The first few exhibitions I did made me very nervous. I was as anxious for
feedback (preferably positive) as anyone, and I felt I had something to
prove as an artist. But exhibitions never give me as much feedback as I
expect, so I am quite a bit calmer about it all now, and exhibiting
regularly has become part of my everyday life. Now I am more surprised
when I actually do get a comment, which inevitably brings me back to the
moment when I created the painting in question. And luckily, most of the
time when people make the effort to comment, it's because they have
something good to say. The same is true for my green hair. People who
don't like it pretend it doesn't exist.
- Claudia
Friday, November 25, 2005
Why Green?
"Life shrinks or expands in proportion to one's courage."
- Anais Nin
I get asked this question a lot, especially by people who knew me before I
started coloring my hair green, about a year ago. The short answer is,
"to look different." The long answer is at: http://claudiam.com/AboutMe/GreenNewYear.htm
In 2001 I painted this painting called "Breaking Free." (More
about this painting at:
http://claudiam.com/Paintings/DetailPages/DetailBreakingFree.htm
) At the time, I had just decided to go against the advice of everyone
around me and stop pursuing my engineering management career to pursue
full time what I have always wanted to do - my art. I had been painting
seriously all of my adult life, and twice before I took time off between
jobs to pursue my art full time, but I had dropped all of the leads since
the last time and I knew I would be starting cold. But by the time I
painted this, I knew I was going to go for it, for as long as humanly
possible.
I must admit, management paid better, but I love what I'm doing right now,
and I know I will always have what I create this way. No one (except
myself) can cancel a project mid-stream and throw my work away. And four
years later, here I am, still at it, putting my art on cards: http://www.claudiampublications.com/
These days, my advice to anyone who asks is, "pursue your dream"
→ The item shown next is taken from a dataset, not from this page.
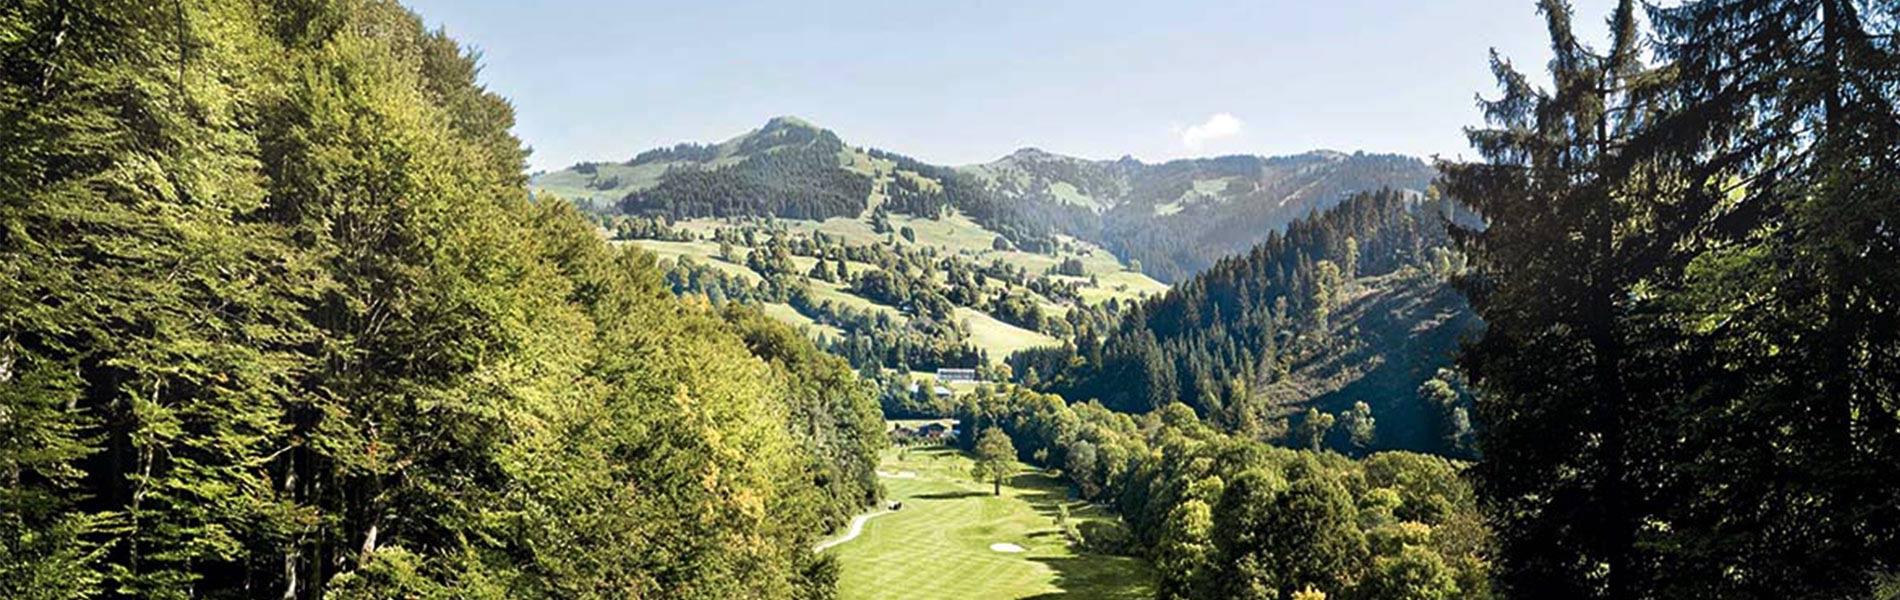 Hotel Rosengarten 5 Sterne Hotel Relais & Châteaux Hotel Kirchberg Tirol

and/or "be yourself." Life's not long enough to do both that and
what others prescribe. I feel lucky to know what my dream is, and even
more so to be able to pursue it.
- Claudia
Tuesday, November 22, 2005
Green Hair at the 9/11 Site
"Dissent is the highest form of patriotism."
- Thomas Jefferson
"To announce that there must be no criticism of the president, or
that we are to stand by the president, right or wrong, is not only
unpatriotic and servile, but is morally treasonable to the American
public."
- Theodore Roosevelt
I got those two quotes from an art exhibit in downtown Manhattan that I
saw after visiting the 9/11 site with two friends. The exhibit, "A
Knock at the Door," was on view at the South Street Seaport Museum from
September 8th to October 1st, 2005, and was organized by the Lower Manhattan
Cultural Council. It showed some artists' reactions to the post-9/11 world. It included a pile of rubbish
left behind after the terrorist taskforce harassed an artist for several
weeks for working with biological material (a large pile mostly of pizza
boxes and gatorade bottles). But my favorite was a straight jacket made
from an American flag called "The (Un)Patriot Act."
It was a welcome change of perspective after I got one very nasty look
from a woman at the 9/11 site, which I can only attibute to my green hair.
As if my hair somehow dishonored the tragedy. But in reality, my defiant
hair color honors freedom. When I read about oppressive cultures,
it make me appreciate the freedom I have here even more, including the
freedom to adopt a totally unnatural hair color.
Here's a photo of me and my friend Brecht at the 9/11 site, photo by Eric
Pivnik, my friend who suggested visiting this site in the first place.
Now does that look threatening to you?